### Exercise objective
Copy out the entries that follow exactly, leaving out the pictures.

[Input material]

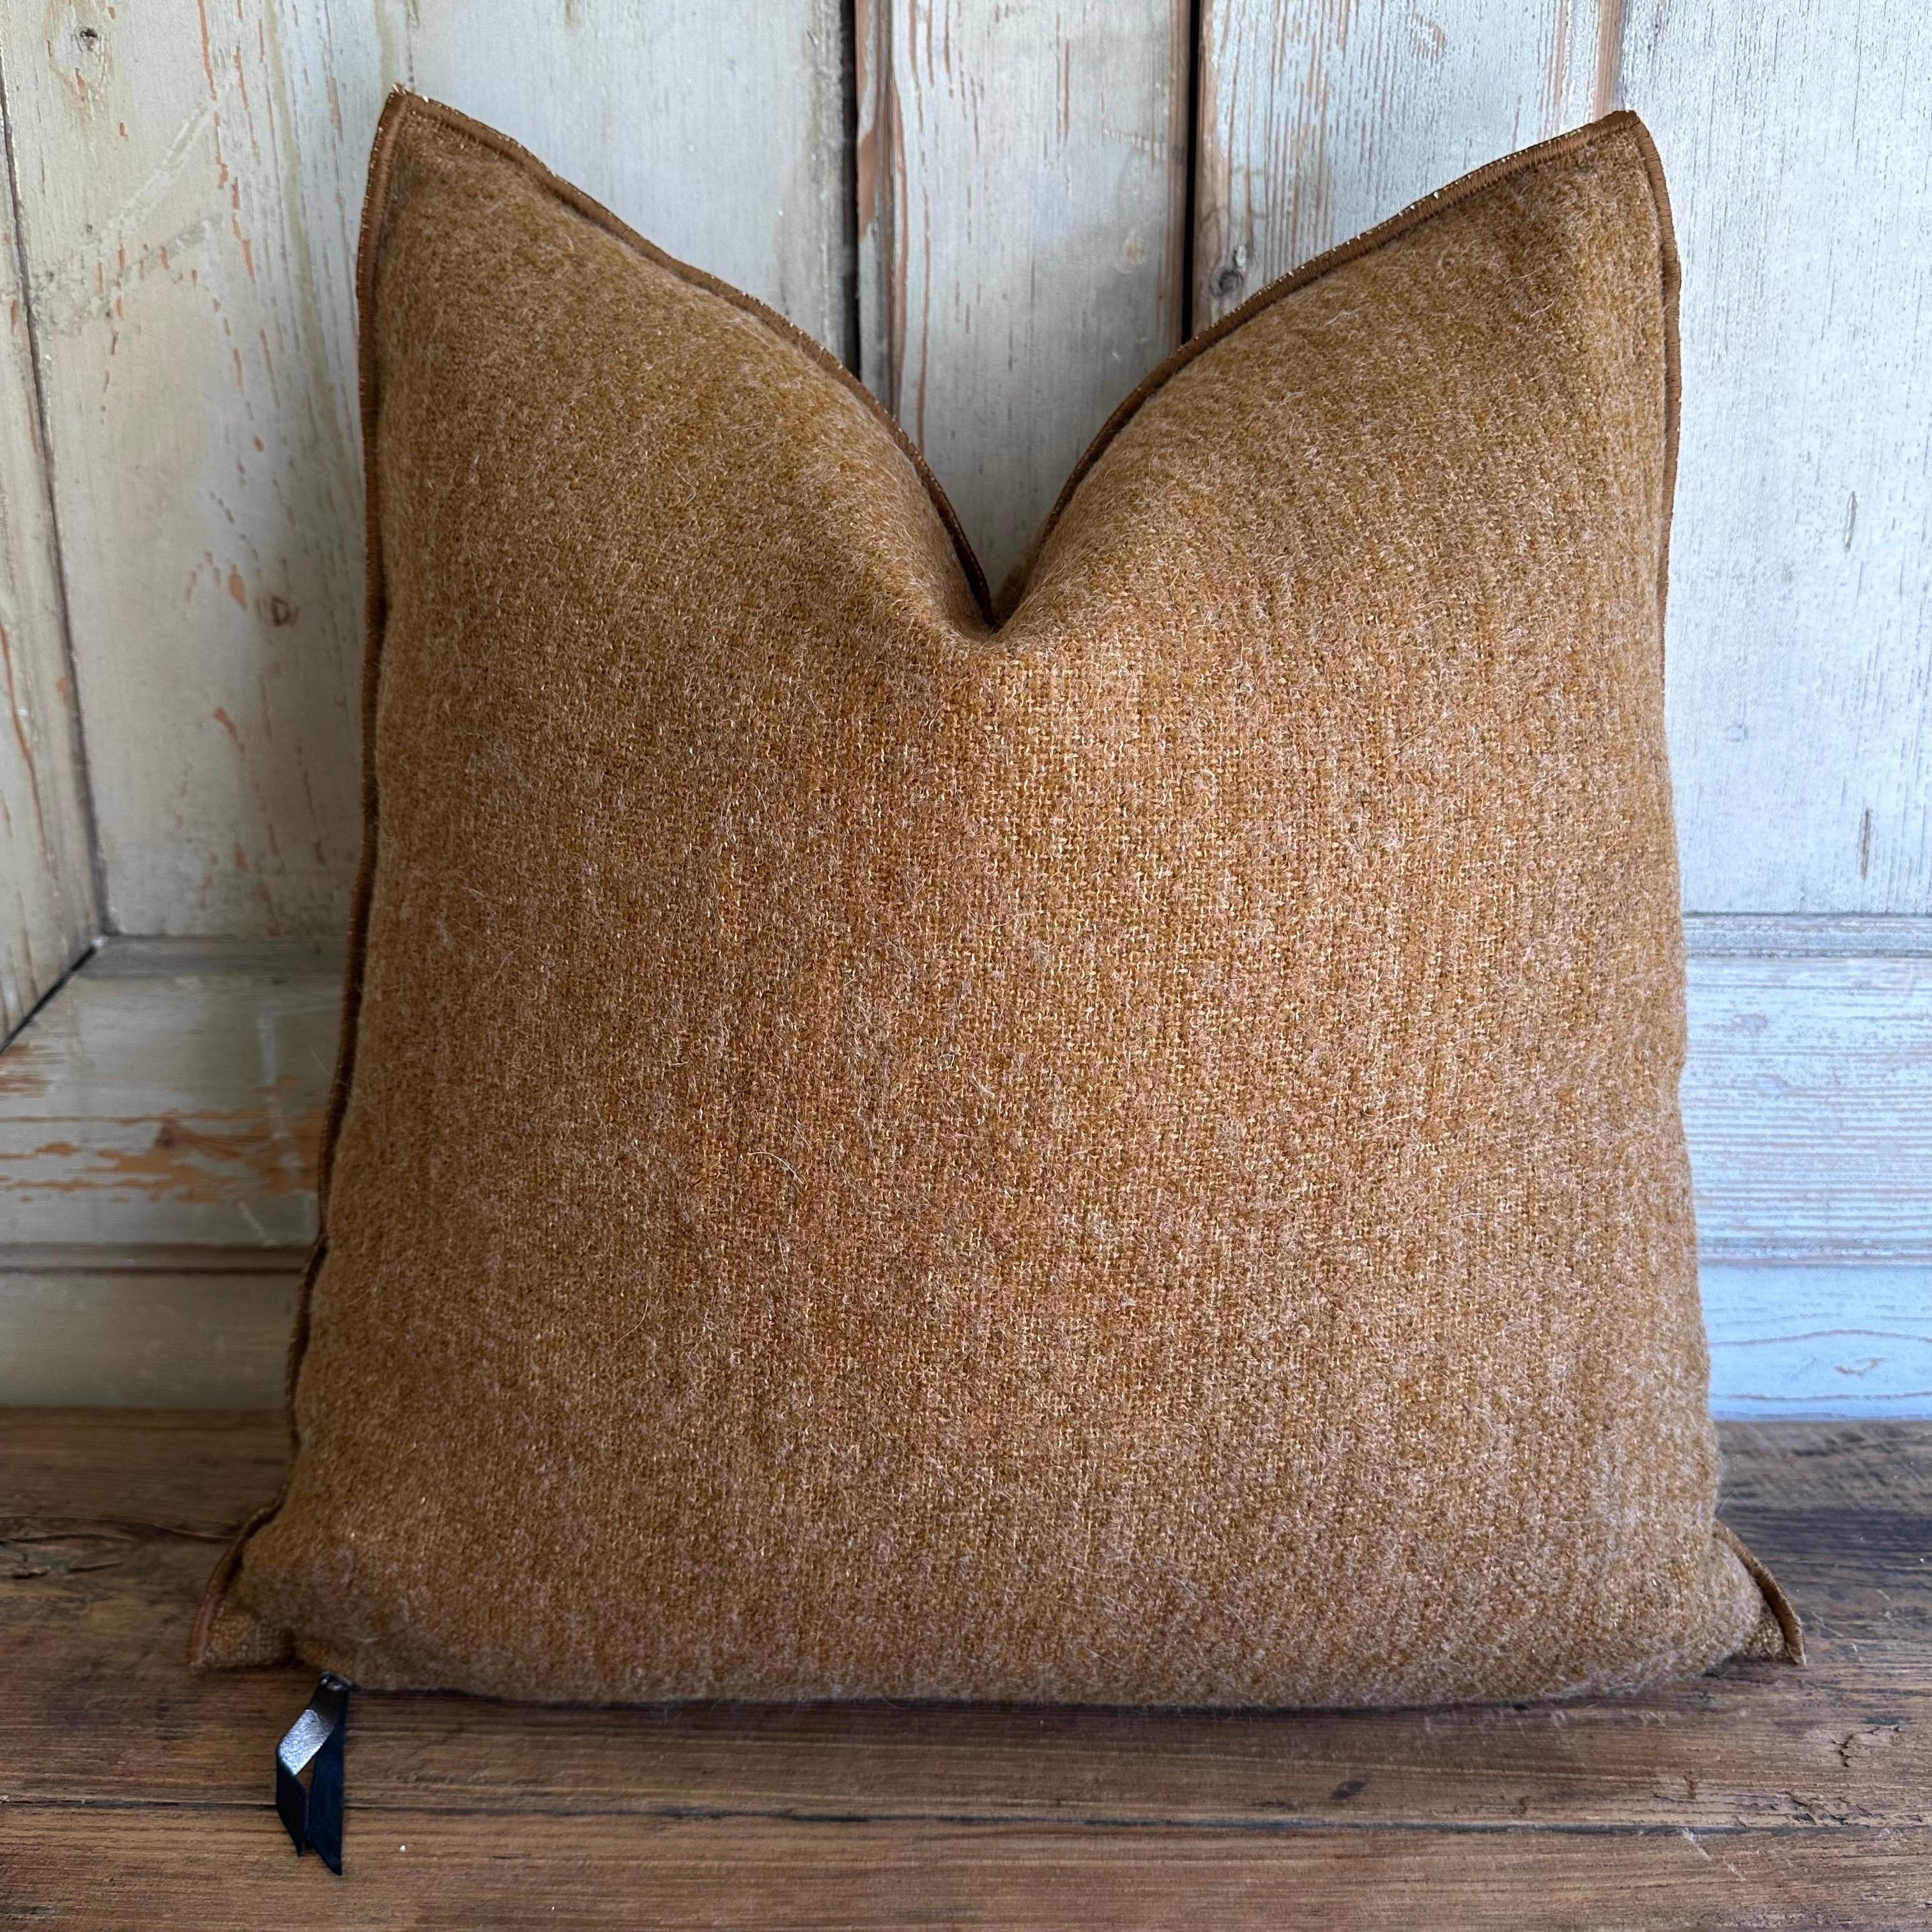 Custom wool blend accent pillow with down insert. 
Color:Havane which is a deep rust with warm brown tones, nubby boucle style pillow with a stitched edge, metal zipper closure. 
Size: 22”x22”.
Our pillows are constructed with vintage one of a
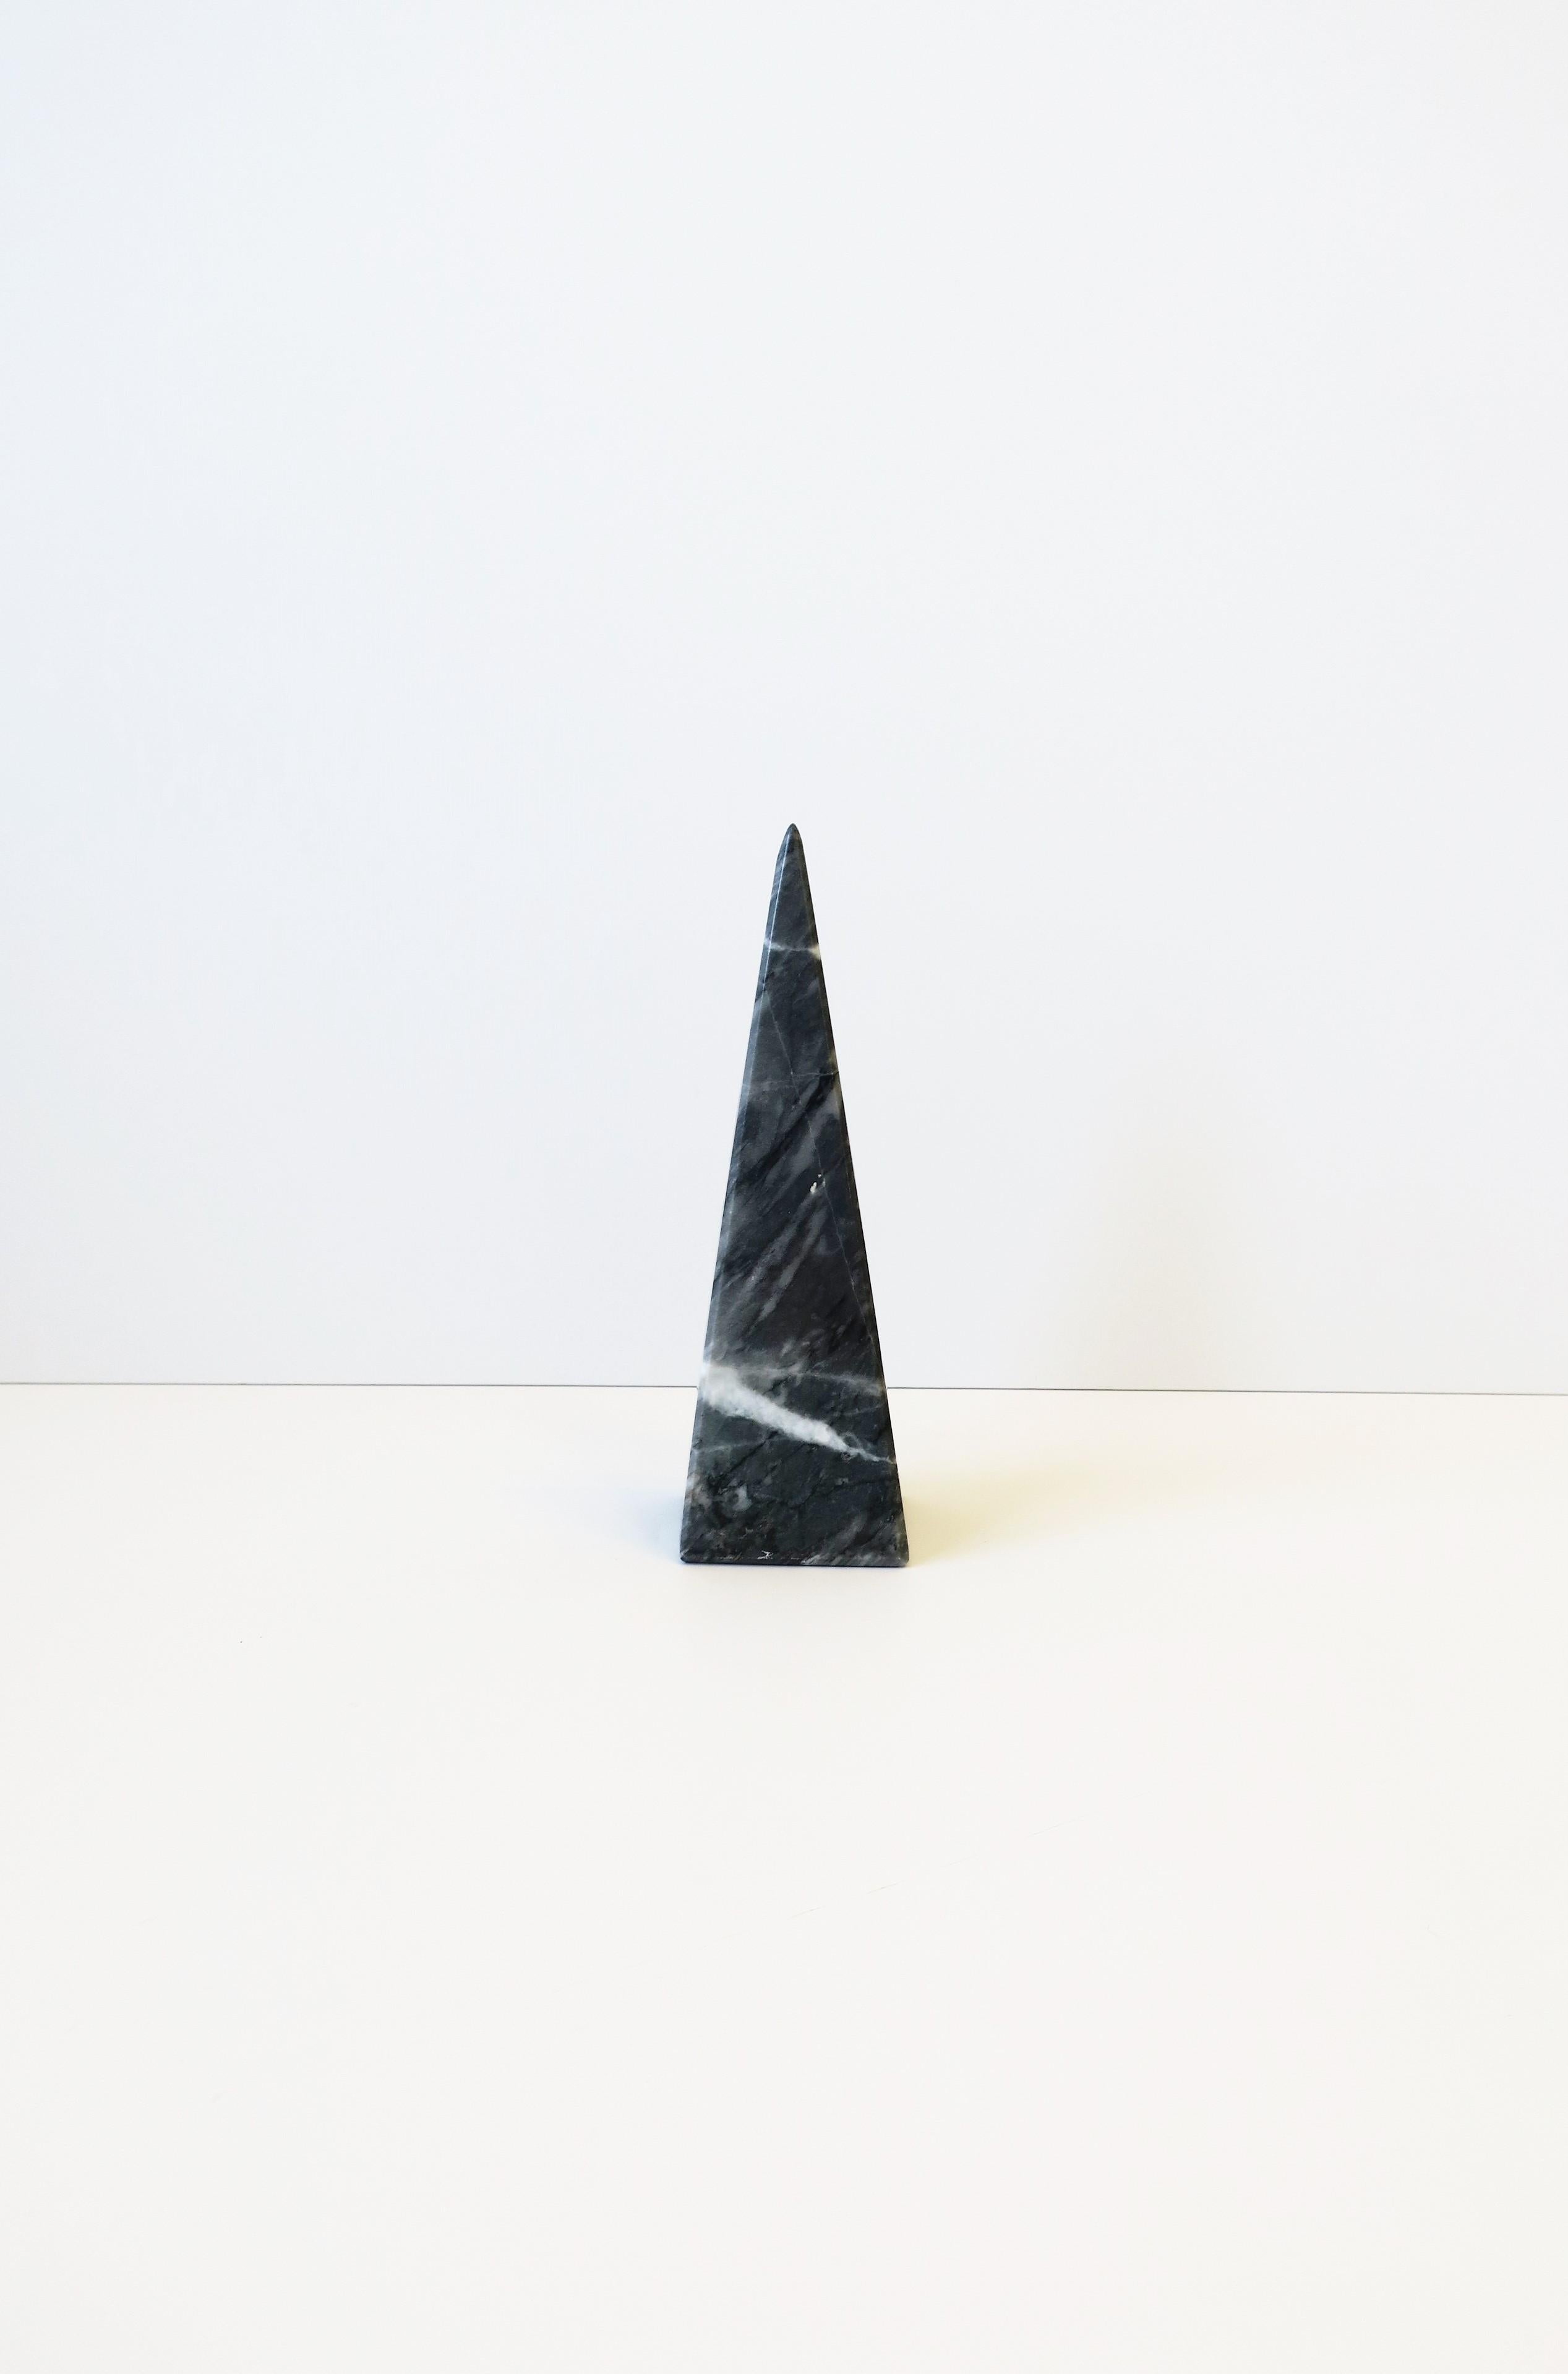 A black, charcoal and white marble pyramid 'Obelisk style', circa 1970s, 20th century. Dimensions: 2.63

[/Input material]

### Finished exercise
 Custom wool blend accent pillow with down insert. 
Color:Havane which is a deep rust with warm brown tones, nubby boucle style pillow with a stitched edge, metal zipper closure. 
Size: 22”x22”.
Our pillows are constructed with vintage one of a
 A black, charcoal and white marble pyramid 'Obelisk style', circa 1970s, 20th century. Dimensions: 2.63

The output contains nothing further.